SOURCE RECORDS:

......

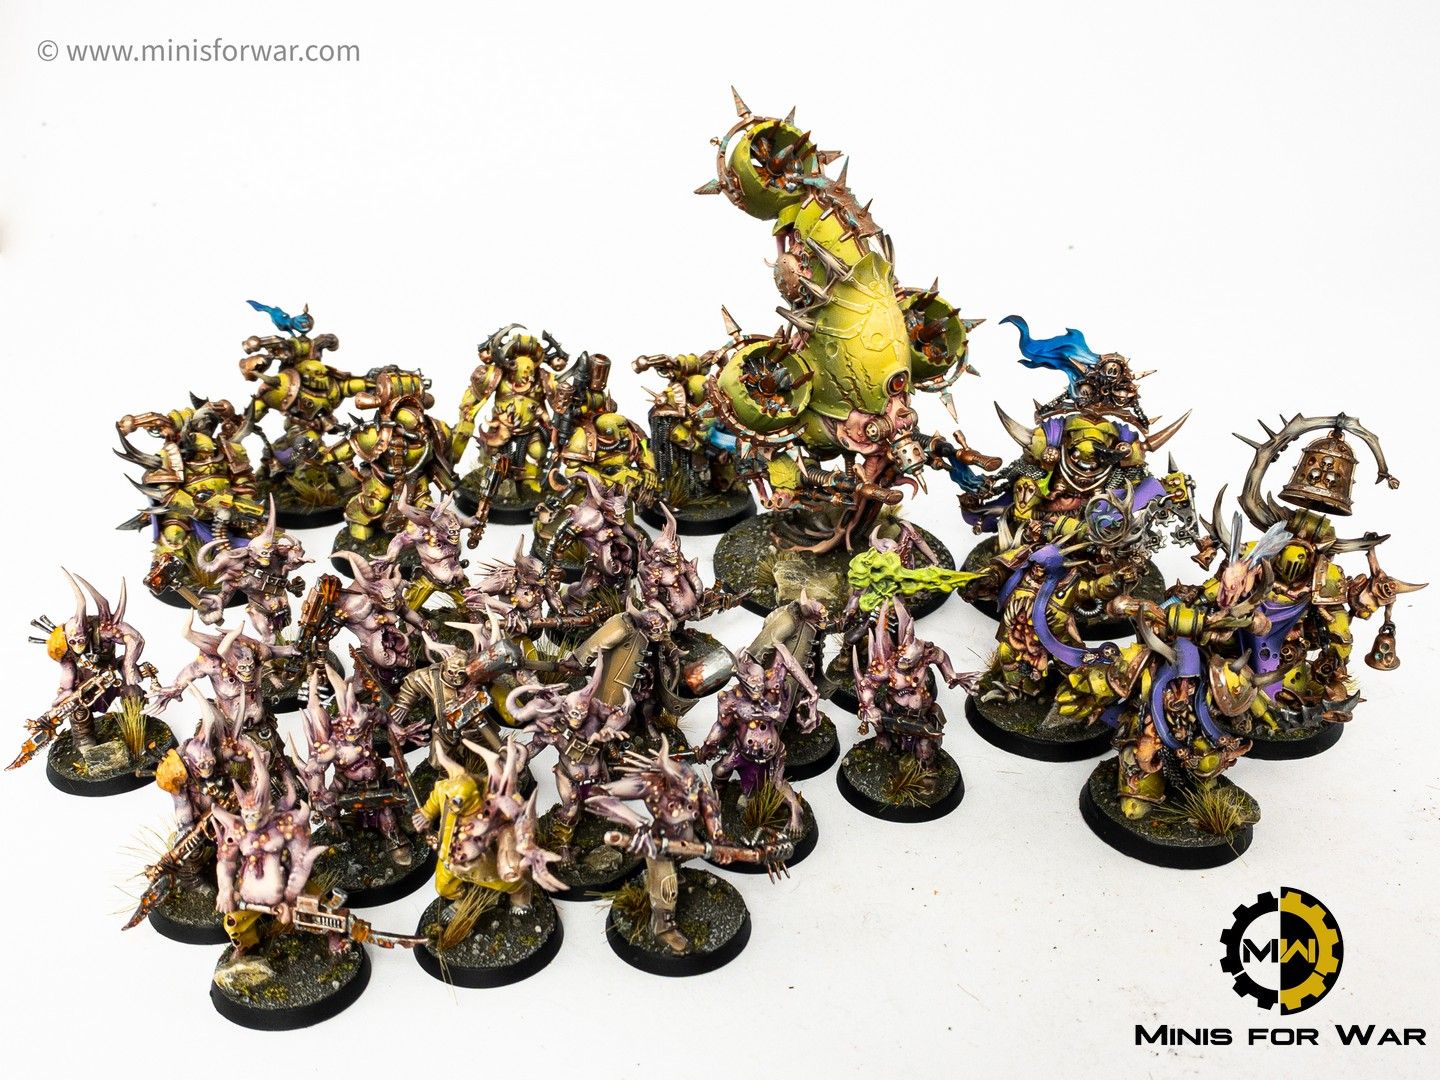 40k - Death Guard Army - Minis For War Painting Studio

......

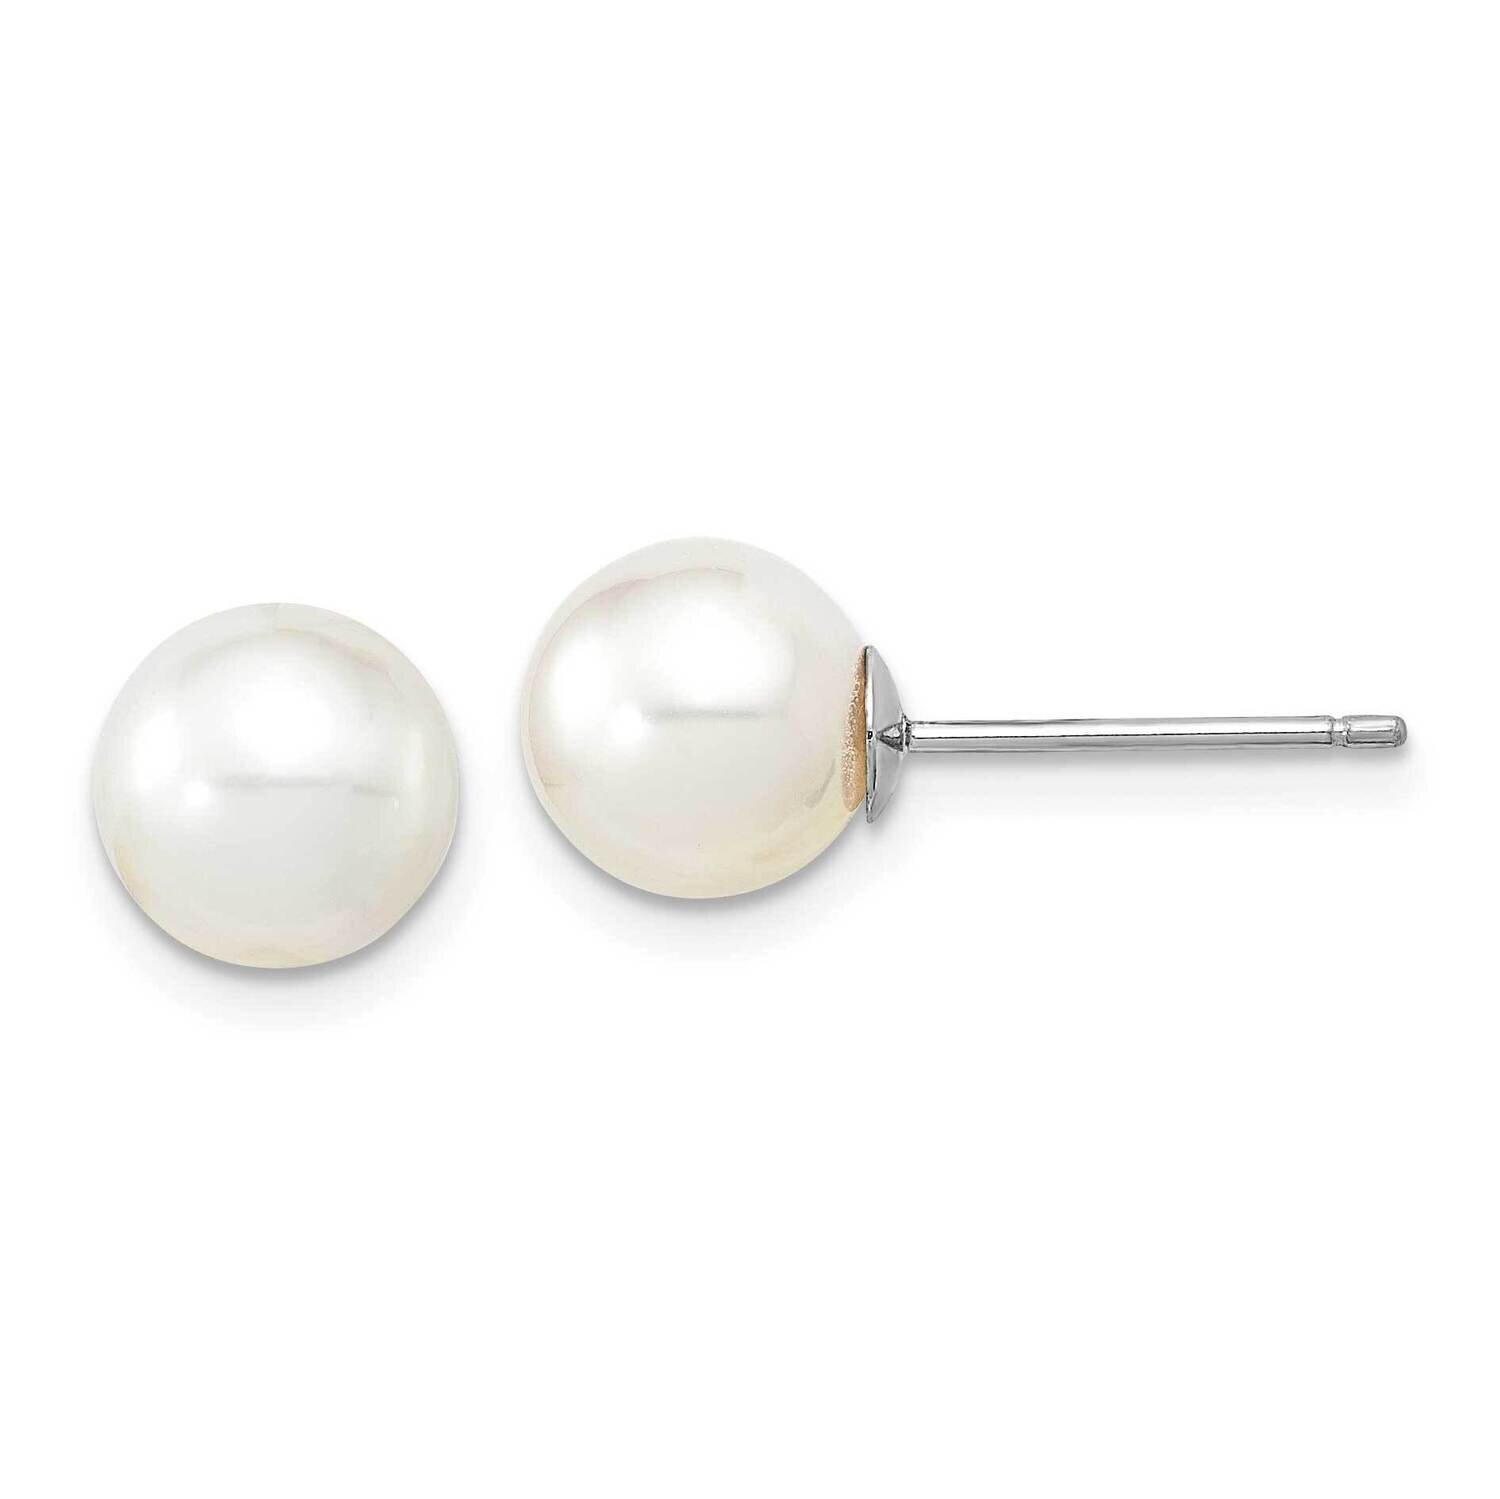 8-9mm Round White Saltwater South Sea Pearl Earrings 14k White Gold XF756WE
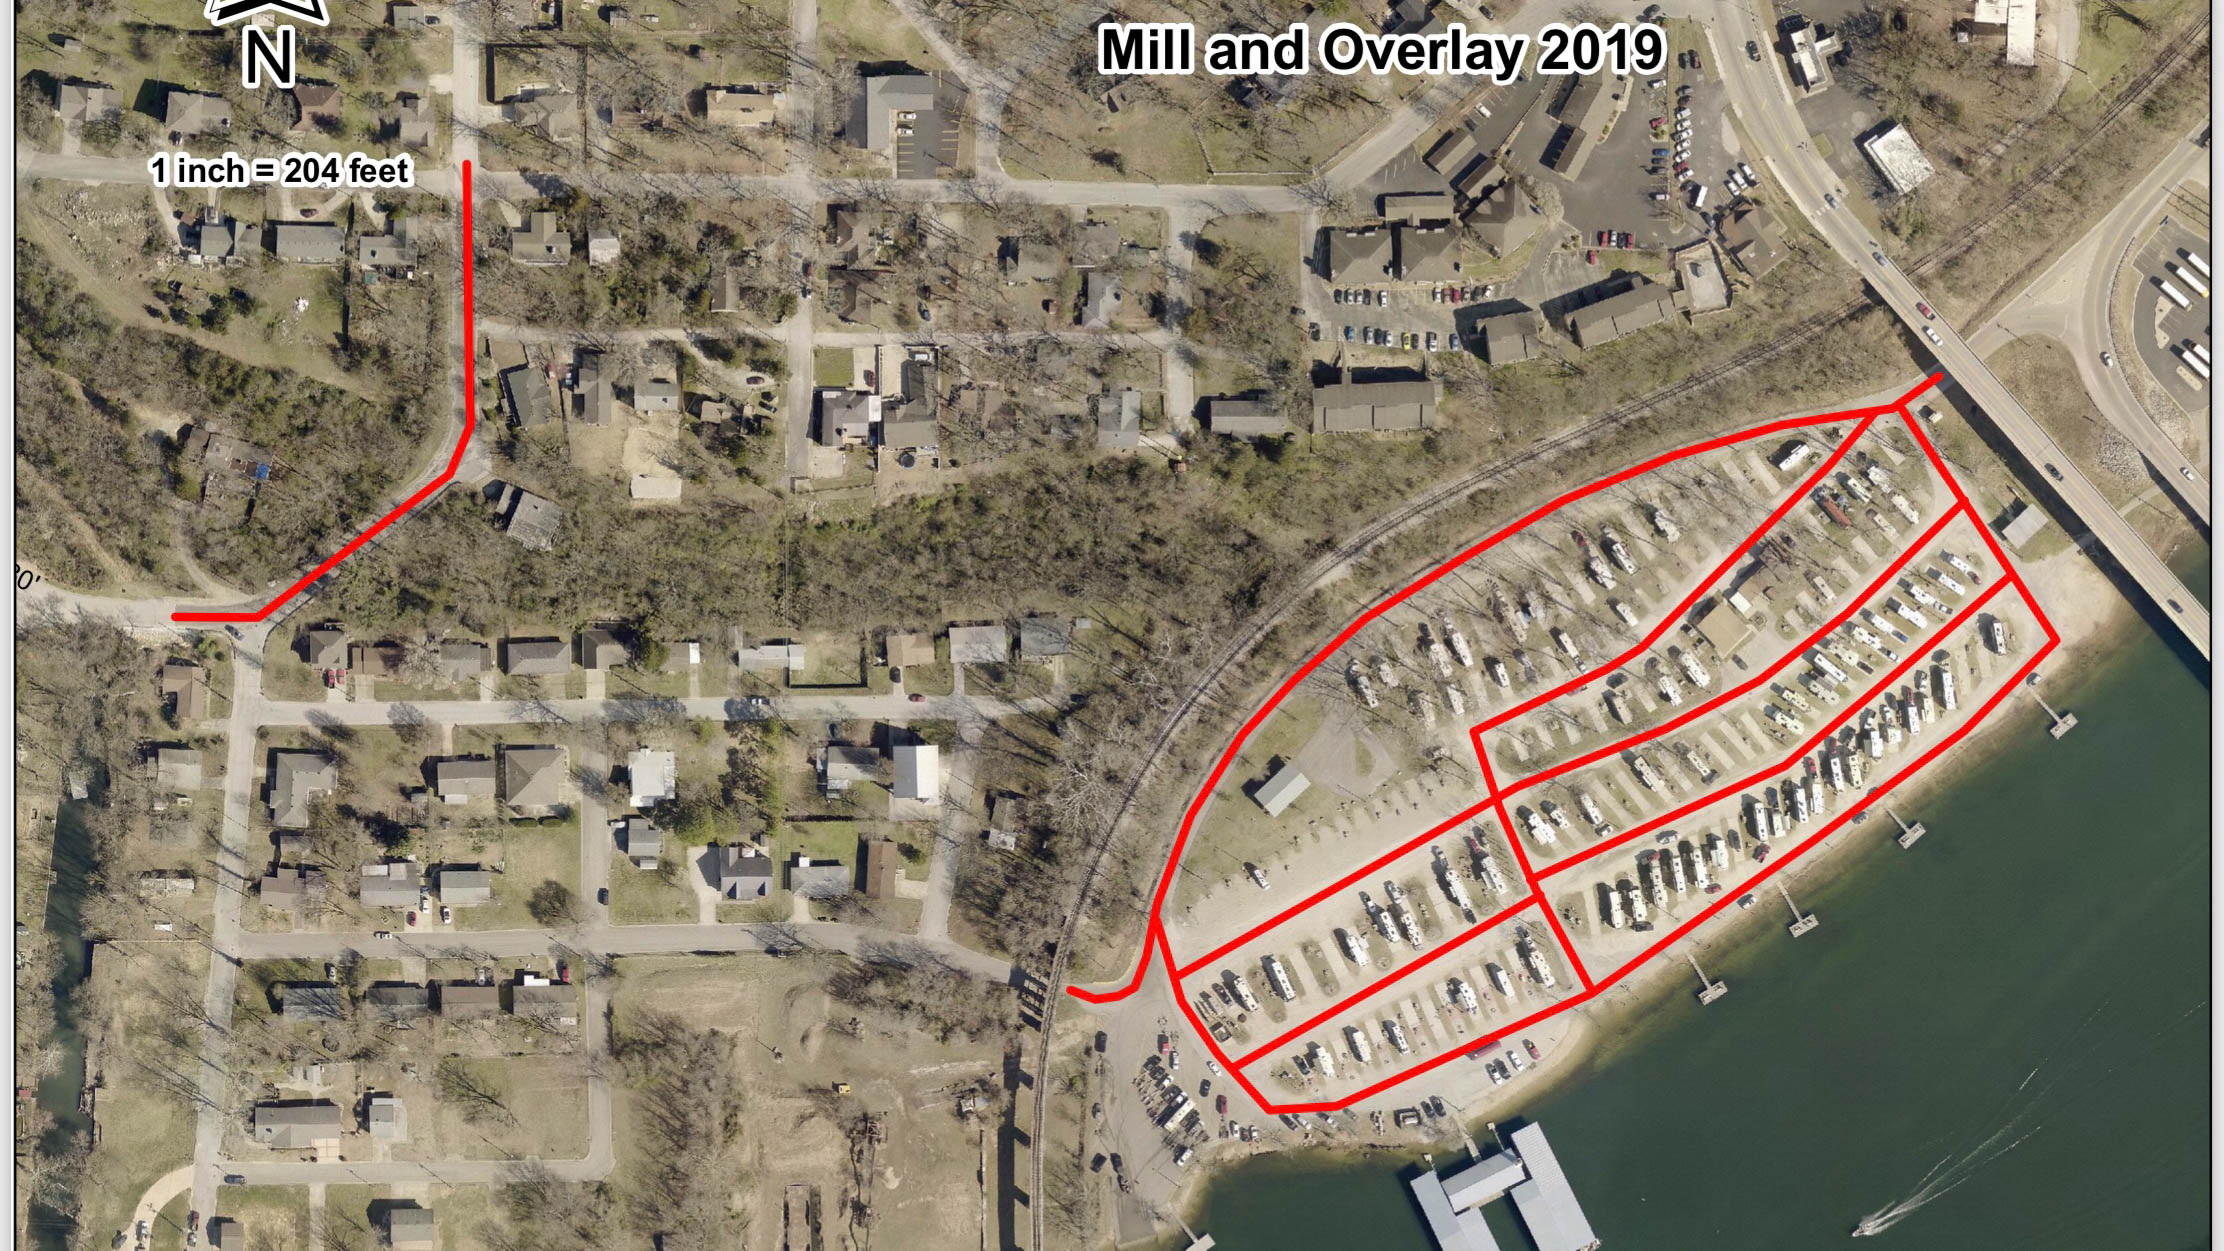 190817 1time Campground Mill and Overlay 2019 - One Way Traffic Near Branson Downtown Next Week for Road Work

......

TASK STATEMENT:
Having found the line with "8-9mm Round White" and the line with "190817 1time Campground" in the material above, write out exactly those two and every line between, leaving the pictures out.

EXERCISE OUTPUT:
 8-9mm Round White Saltwater South Sea Pearl Earrings 14k White Gold XF756WE
 190817 1time Campground Mill and Overlay 2019 - One Way Traffic Near Branson Downtown Next Week for Road Work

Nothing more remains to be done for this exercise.